In times of market stress, Zeng, a Wharton School professor, says that prices and net asset values may diverge widely when a market is experiencing stress.
During the recent Covid-19 pandemic, an example comes to mind from recent memory. IGSB -0.07% (IGSB) closed at $48.16 on March 20, 2020, a discount of nearly 4% against its net asset value of $50.16 on that date. This represents a discount of nearly 4% to its closing price of $48.16 on March 20, 2020.
As a result of this, the gap between the fund's price and its net asset value quickly closed. Investors, however, would have taken a substantial loss if they had sold their fund shares at that time if they had sold them.
BlackRock's Steve Laipply, global co-head of iShares Fixed Income ETFs, pointed out that an investor holding a fixed-income portfolio of bonds like those in the iShares ETF on their own account would also have had trouble selling without a loss. According to him, it would be extremely difficult to liquidate those bonds at anything close to the NAV if you wanted to liquidate them.

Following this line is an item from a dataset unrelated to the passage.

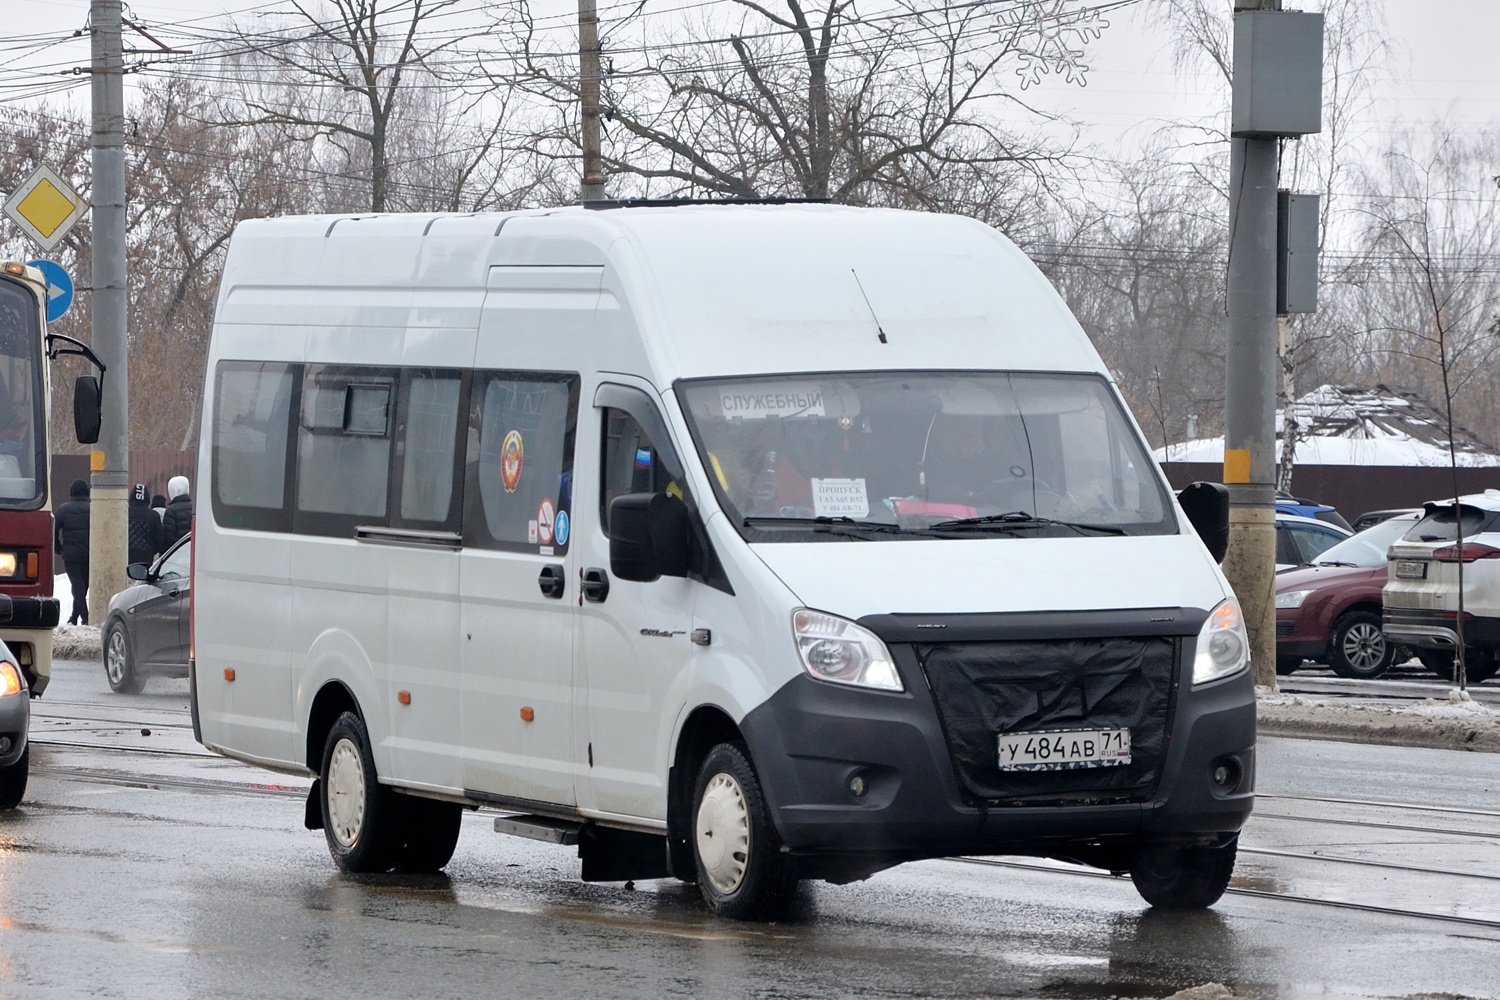 Tula, ГАЗ-A65R52 Next č. У 484 АВ 71

As the authors assert in their paper, what happened in the bond market was that acute selling pressure led to the redemption of bond ETFs, which in turn strained the liquidity of bonds consolidated into redemption baskets, which was a result of acute selling pressure in the bond market. “There is a reasonable chance that future episodes of ETF-induced liquidity strains will occur in the future,” the paper stated.

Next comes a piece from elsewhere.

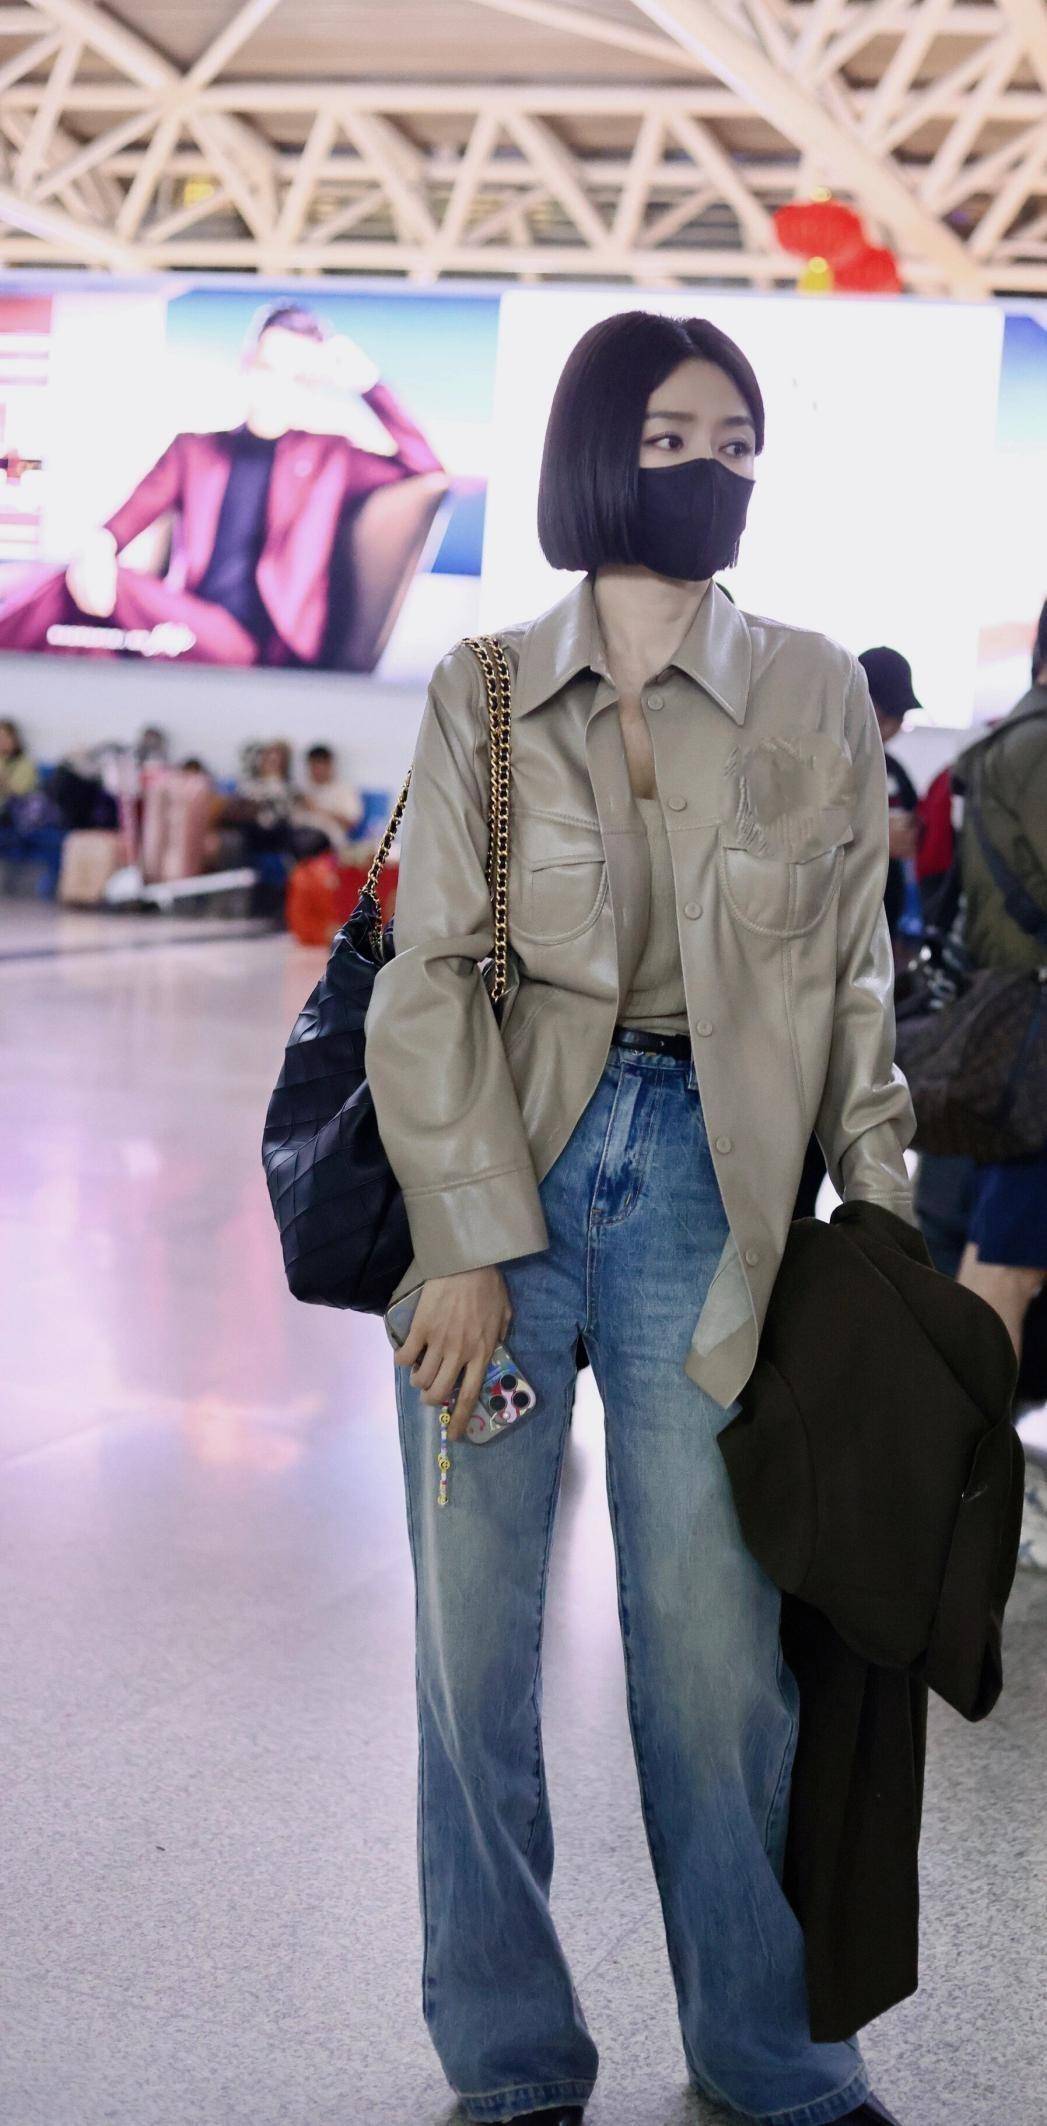 44岁秦岚带火了一种新穿搭:皮衣衬衫 牛仔裤 波波头,洋气又时尚

There are also concerns raised by the finance professors that, in times of financial stress, authorized participants are becoming reluctant to take on more bonds of a particular kind if they have already taken on a certain amount of those bonds through baskets. This scenario could lead to deterioration of the liquidity of those bonds under that scenario. As Zeng points out, "bonds included in redemption baskets may become disproportionally less liquid as compared to bonds excluded from such baskets.".
Laipply, however, does not see it in the same way. “It is not compulsory for authorized participants to participate in either creations or redemptions,” he explains. “They do creations and redemptions when it makes economic sense for them to do so and when it is feasible for them to do so."
In regard to those baskets that represent only a subset of an index that a bond index ETF tracks, Laipply told us that at BlackRock, the more redemptions we saw over time, the wider the baskets got over time in order to maintain the tracking profile of the index.
As he argued, bond ETFs can serve as valuable tools to help bond investors understand how to bond securities are trading at a given point in time, even if there is a considerable discount to NAV. “It is important to understand that you are watching a real-time basket price that is being calculated perhaps tens of thousands of times a day in real-time as the trades take place on the exchange,” he explains.
Although there is a lot of functionality in a bond ETF, it is not as complicated as it is in a stock ETF. Markets can suffer from a lot of financial stress when they come under a lot of pressure.
"We really want to make sure that retail investors are informed about the mechanisms that are used to trade bond ETFs," Yang said. "Most [ETF] retail investors are thinking about the S&P 500 index when they think about investing in ETFs."